In the above-described embodiment, the telemeter system having the temperature sensor has been described as an example, but the present invention is not limited to this and can be applied to all one-way communication for performing random access. Also, when applied to a telemeter system, it is not limited to measurement of road surface temperature.

[0031]

As is apparent from the above description, according to the present invention, by using the pseudo noise code code for the processing timing of the transmission / reception data, random access is possible and total communication within a fixed communication time limit. A communication system whose time can be easily set can be obtained.

[Brief description of drawings]

FIG. 1 is a block diagram showing a main configuration of a transmission device and a reception device in a communication system of this embodiment.

FIG. 2 is a diagram showing an example of assigning a pseudo noise code to four slave stations.

FIG. 3 is a timing chart showing a relationship between a pseudo noise code code and transmission timing.

FIG. 4 is a diagram showing the number of collisions when transmission is performed by ten transmitters.

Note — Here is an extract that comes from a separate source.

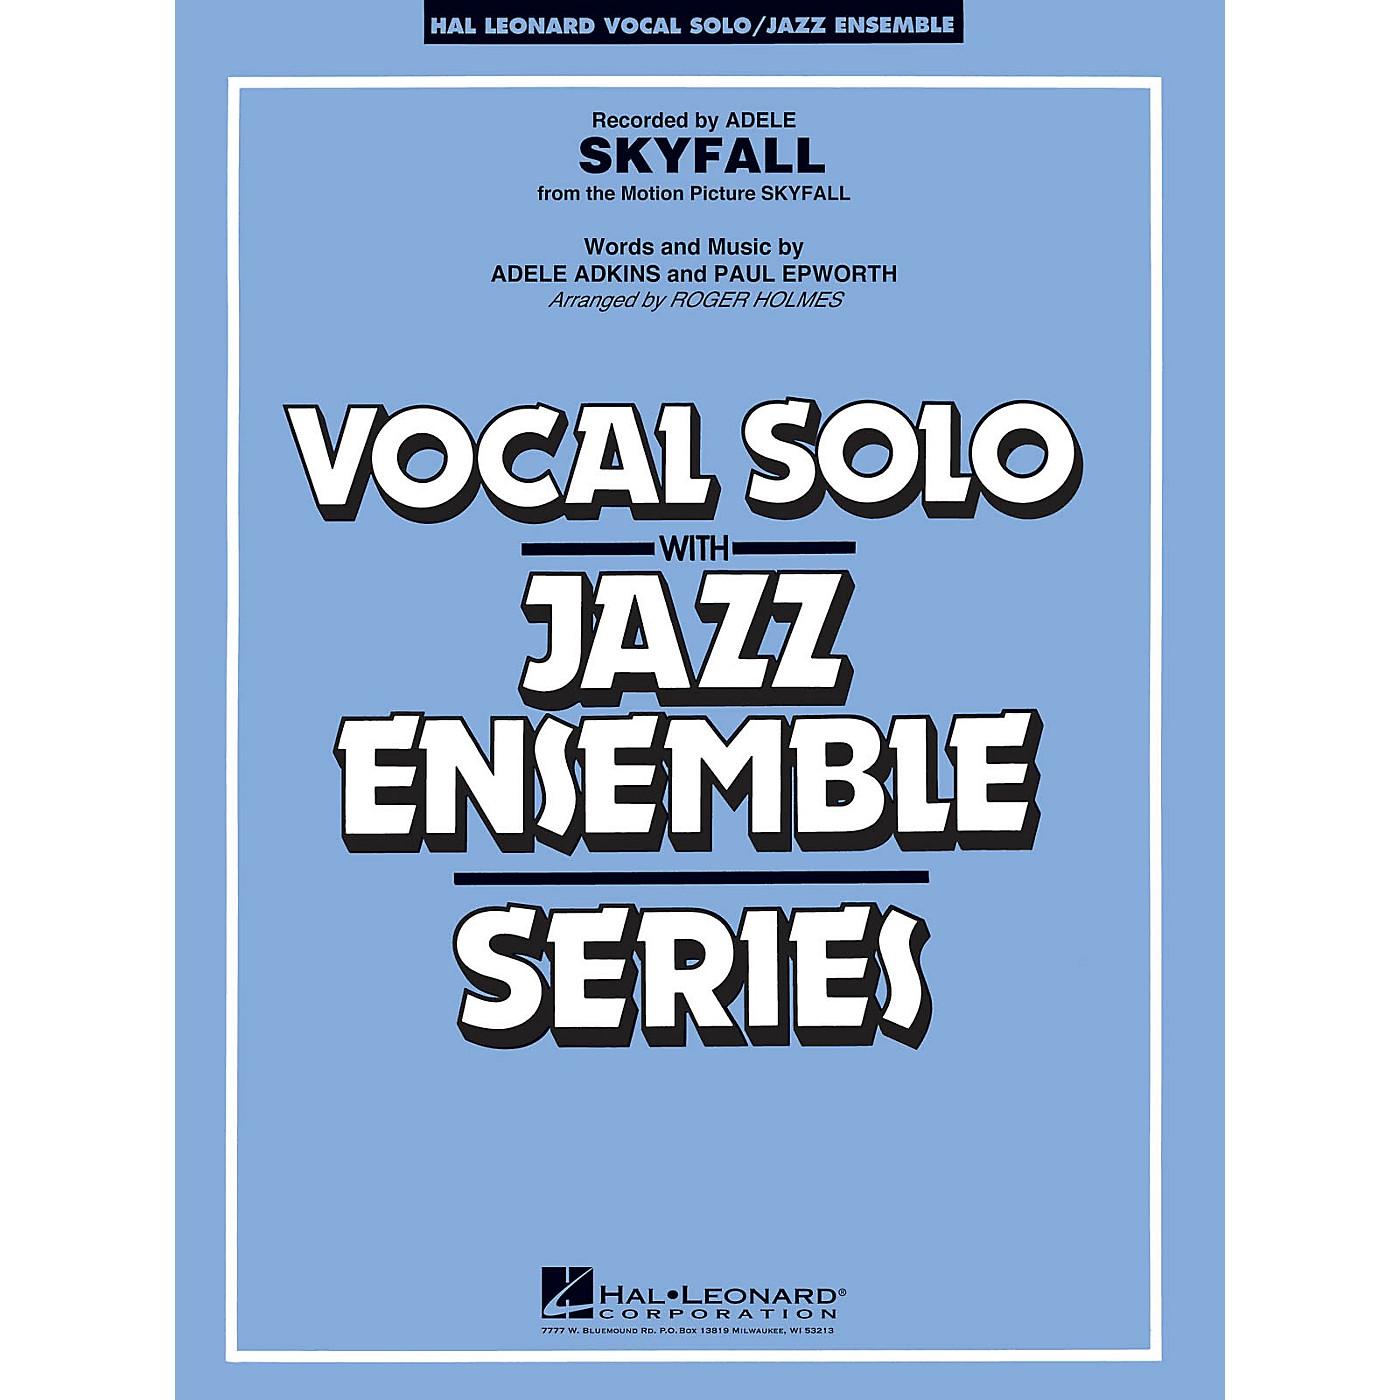 Hal Leonard Skyfall (Key: Cmi) Jazz Band Level 3-4 by Adele Arranged by Roger Holmes thumbnail

FIG. 5 is a diagram showing a specific example of a conventional telemeter system.

FIG. 6 is a diagram showing a transmission interval of transmission data transmitted from a road surface temperature telemeter transmitter.

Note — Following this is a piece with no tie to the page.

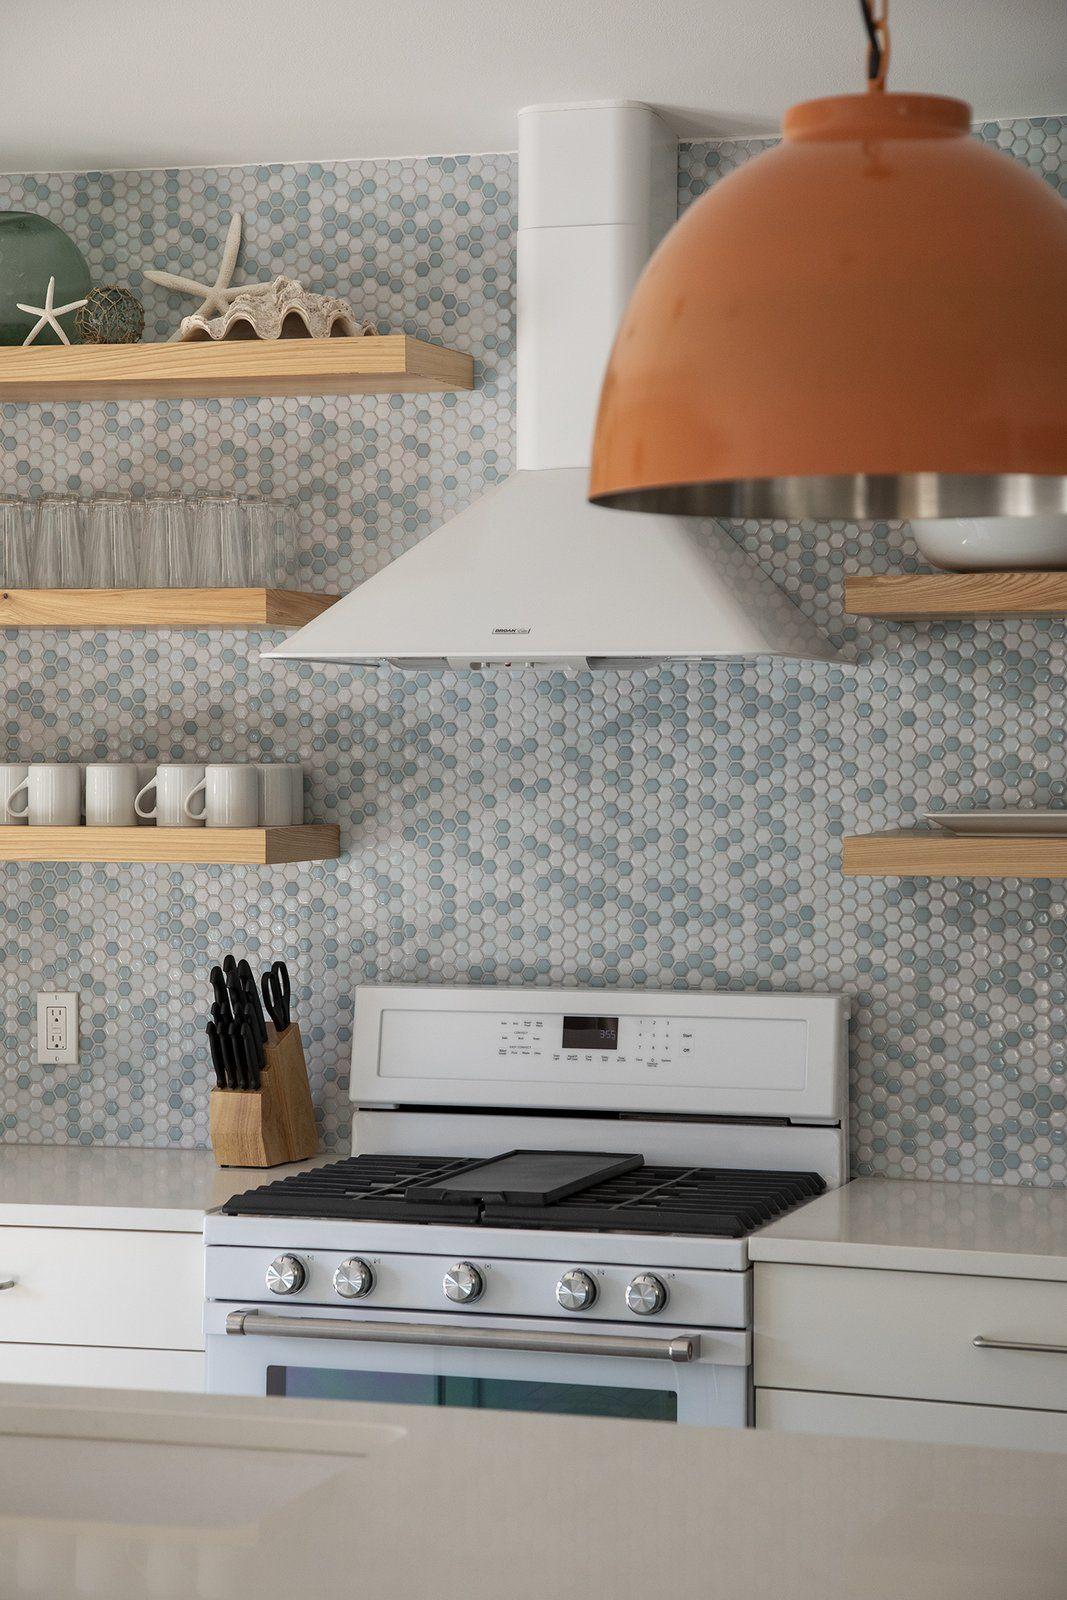 - 50 Kitchen Backsplash Design Ideas - Modern Kitchen Backsplashes

FIG. 7 is a block diagram showing a main configuration of a road surface temperature telemeter transmitter.

[Explanation of symbols]

 DESCRIPTION OF SYMBOLS 1 communication system 1S transmitter (slave station) 1R receiver (master station) 2 sensor section 3 data conversion section 4 pseudo noise generation section 5 timing determination section 6 data transmission section 7 time prediction section 8 pseudo noise generation section 9 data reception section 11 Telemeter System 12 Road Surface Temperature Telemeter Transmitter 13 Road Surface Temperature Telemeter Receiver 14 Temperature Sensor 15 Controller 16 Random Number Generator 17 Transmitter 18 Antenna

Claims (5)

[Claims] 1. A transmission device for converting desired transmission data to be transmitted into a high frequency signal and transmitting the high frequency signal, wherein the pseudo noise generation unit generates a pseudo noise code code, and the pseudo noise generation unit generates the pseudo noise generation code. A timing determining unit that determines a transmission timing of the transmission data in synchronization with a pseudo-noise code, and a data transmitting unit that transmits data a predetermined number of times within a fixed time based on the timing determined by the timing determining unit. A transmitting device comprising: 2. The transmission according to claim 1, further comprising: a sensor unit that acquires desired external information; and a data conversion unit that converts the external information acquired by the sensor unit into transmission data. apparatus. 3. A receiver for receiving transmission data transmitted from a plurality of transmitters, wherein the pseudo noise generator generates a pseudo noise code code corresponding to each of the plurality of transmitters, and the pseudo noise generator. And a data receiving unit that receives the transmission data in synchronization with the pseudo noise code generated by the noise generating unit. 4. A receiving device for receiving transmission data, which is transmitted from a plurality of transmitting devices and includes at least time information indicating a next transmission time, and pseudo noise corresponding to each of the plurality of transmitting devices. Pseudo noise generating section for generating a code code, and a time predicting section for predicting a transmission time of the transmission data based on time information included in the pseudo noise code code and the transmission data generated by the pseudo noise generating section. And a data receiving unit that receives the transmission data in synchronization with the pseudo noise code code generated by the pseudo noise generating unit at the time predicted by the time predicting unit, . 5. A plurality of slave stations are configured by providing a plurality of transmitters according to claim 1 or 2, and the receiver according to claim 3 or 4 is configured as a master station for the slave stations. Communication system.